So, have I to recompile the kernel, as it's shown here?

----------

## NeddySeagoon

Ignatius881,

You need to check your kernel ... yes and rebuild it if you need to.

You can still use genkernel if you wish.  It has a --menuconfig option to allow you to edit the .config file before it does the build.

That option might be -menuconfig,  I have never used genkernel.

The guide you reference is a very high level overview of the bare minimum to boot.

----------

## Ignatius881

 *NeddySeagoon wrote:*   

> Ignatius881,
> 
> You need to check your kernel ... yes and rebuild it if you need to.
> 
> You can still use genkernel if you wish.  It has a --menuconfig option to allow you to edit the .config file before it does the build.
> ...

 

Unfortunately, genkernel doesn't work for me. It shows an error, as here. I activated gzip, etc., but nothing works. So, I use make menuconfig.

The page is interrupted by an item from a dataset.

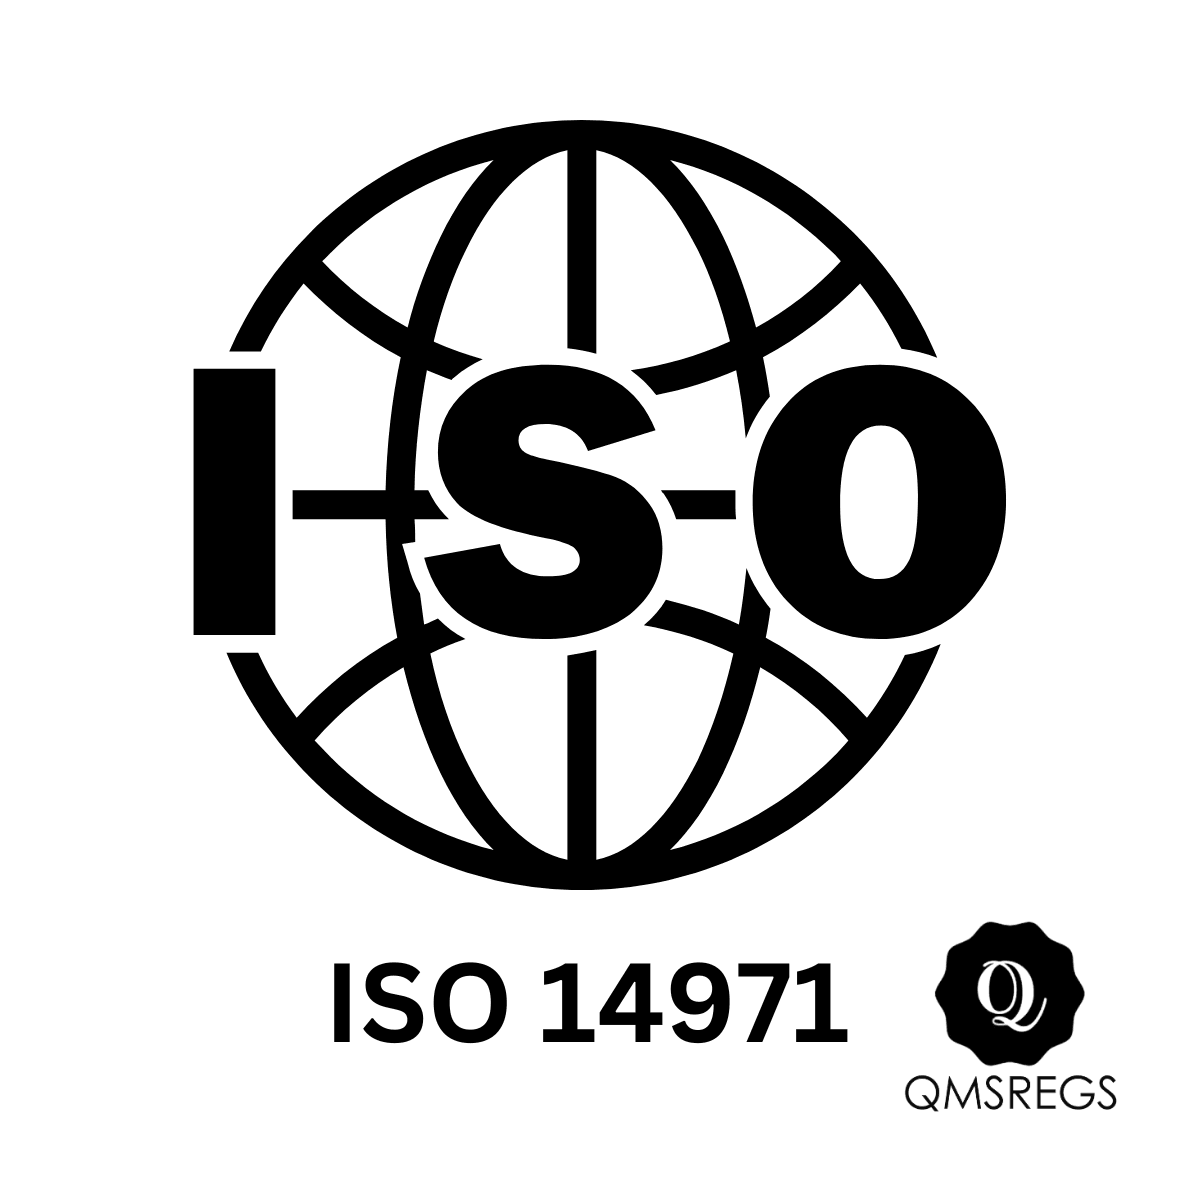 ISO 14971 Risk Management

Well, using make menuconfig, I've found that I didn't include the usb wifi modules which are shown there. I've included them as <*> instead of <M>. But wlan0 doesn't appear after restarting, and rt modules either.

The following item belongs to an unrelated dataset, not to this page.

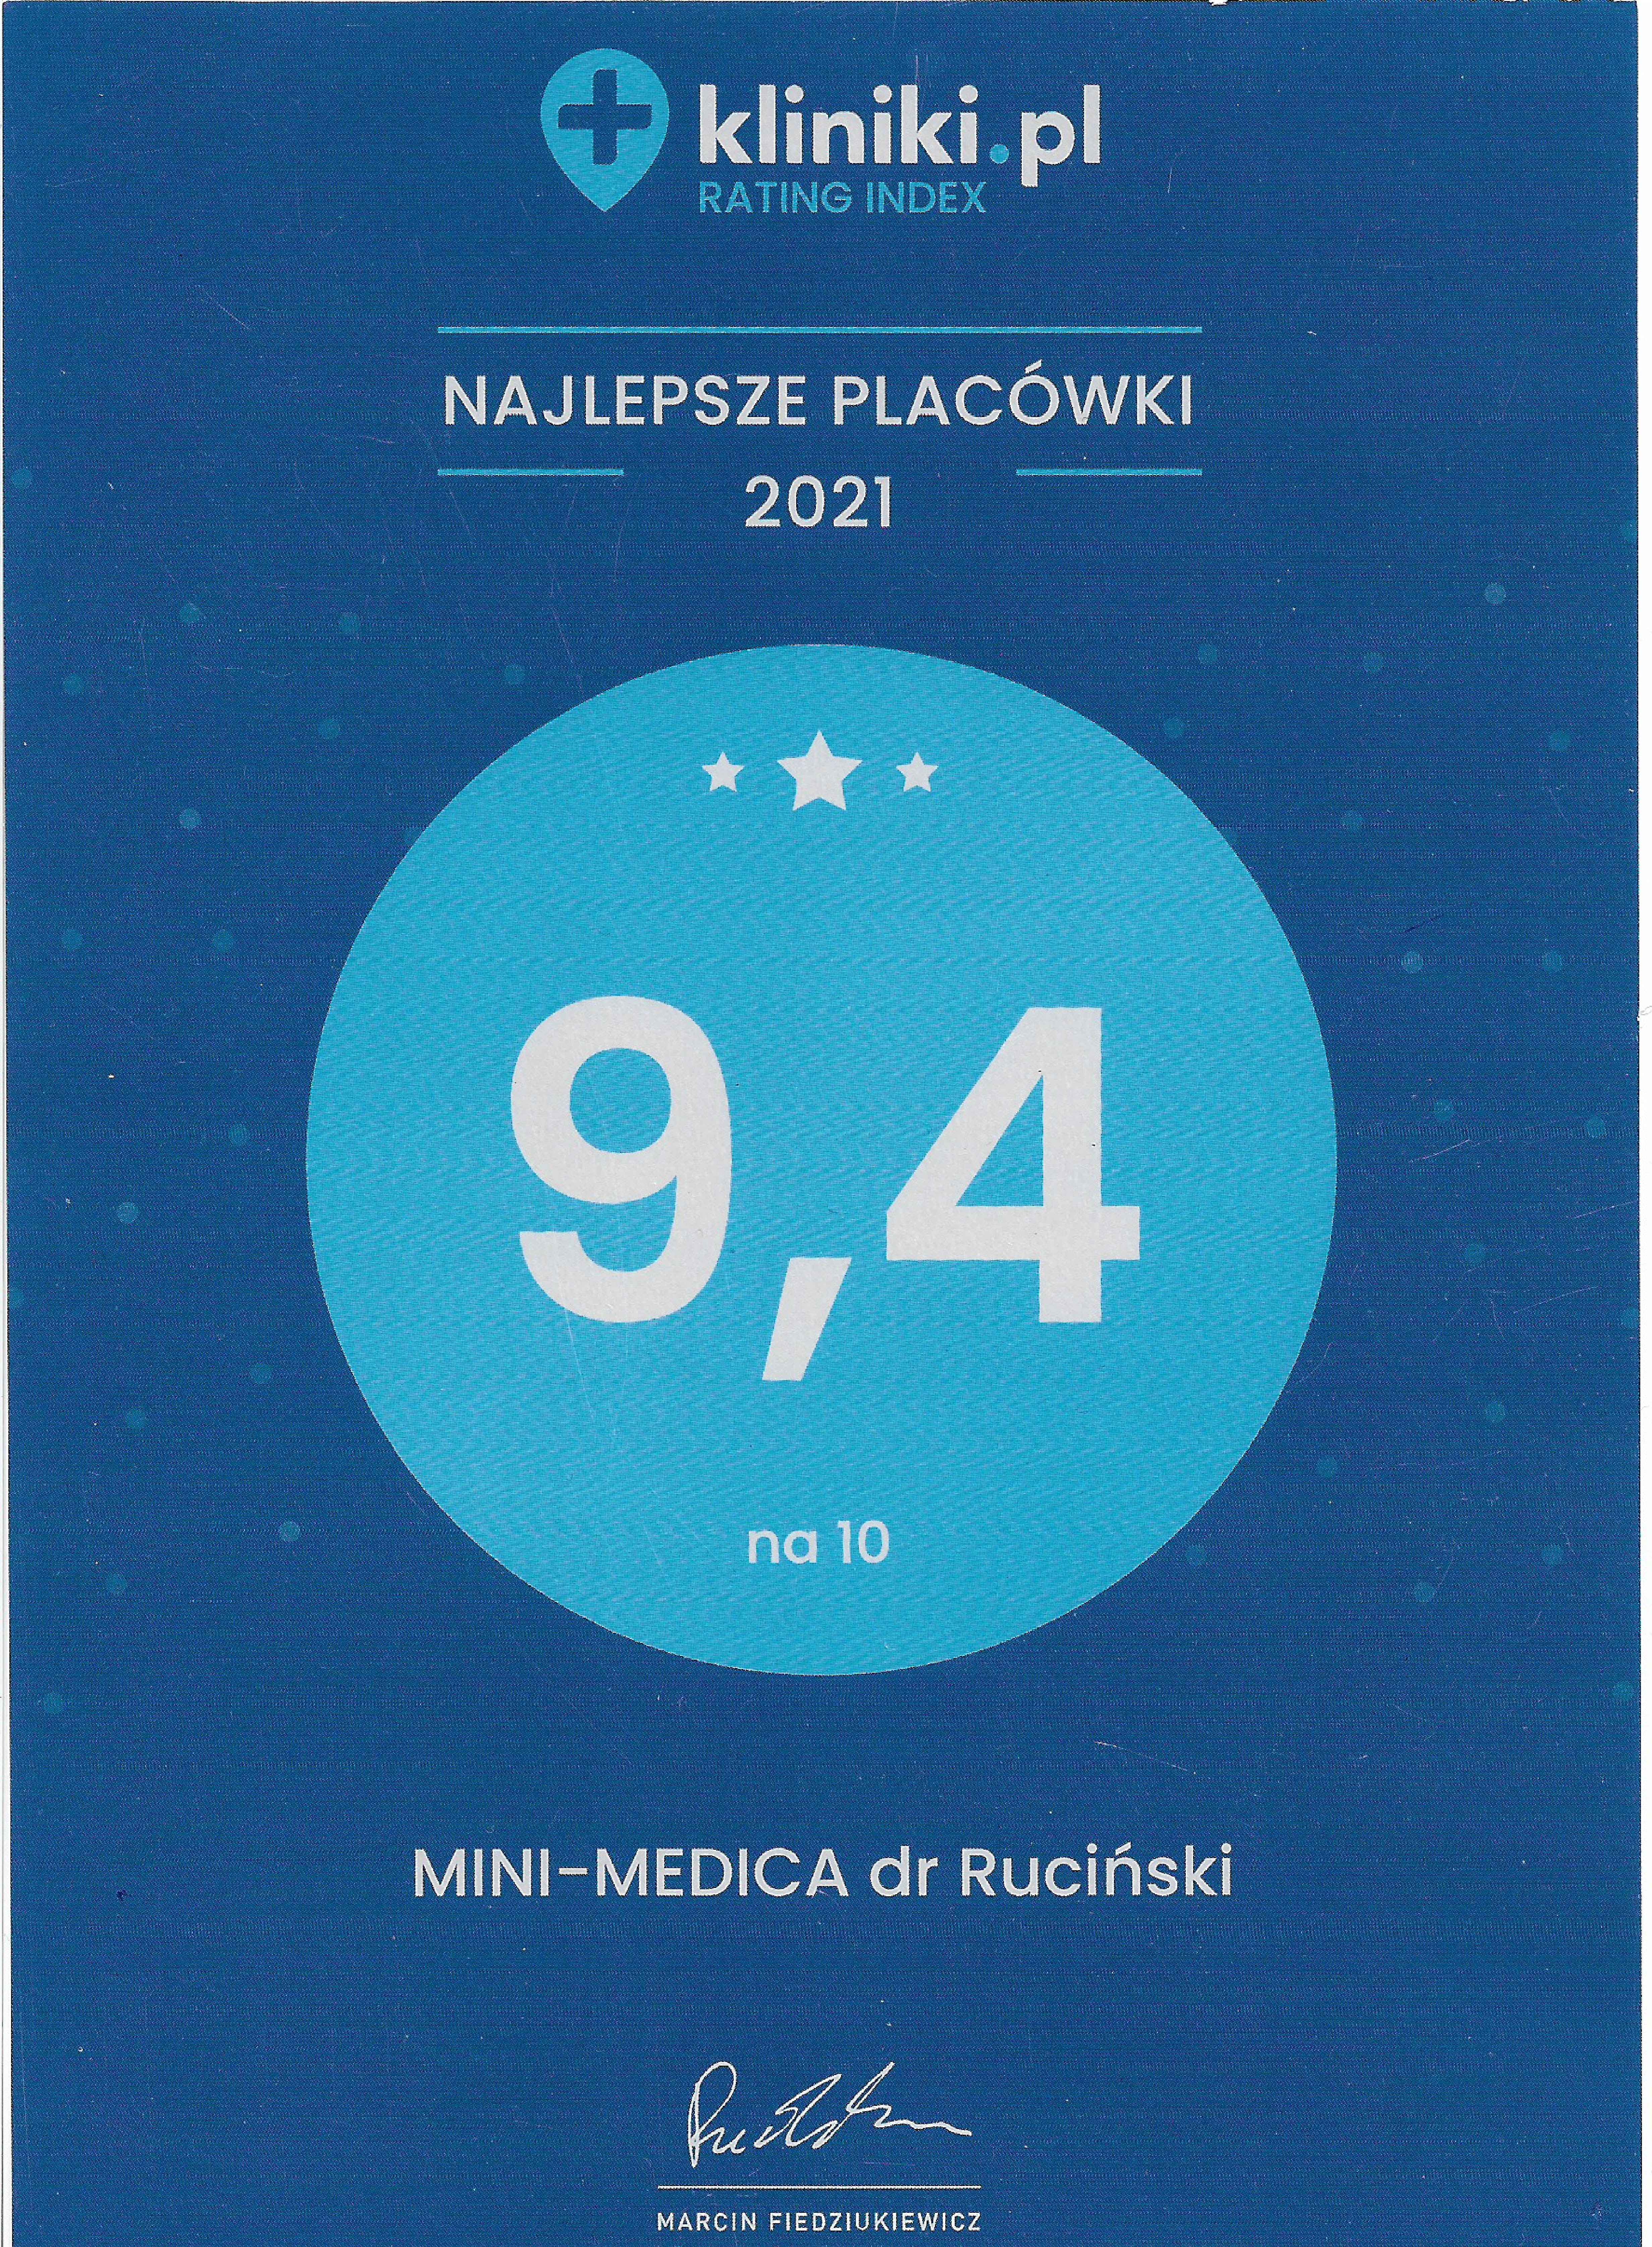 Kliniki.pl

I've downloaded the rt2870 module from here. Now, what file have I to copy to /lib/firmware?

----------

## NeddySeagoon

Ignatius881,

The file you downloaded is an older version of the kernel driver. It does not contain the firmware you need.

You can check your kernel build by looking in dmesg for the kernel attempting to load the firmware.

The good news is that the firmware is operating system independent, so we can borrow from Debian.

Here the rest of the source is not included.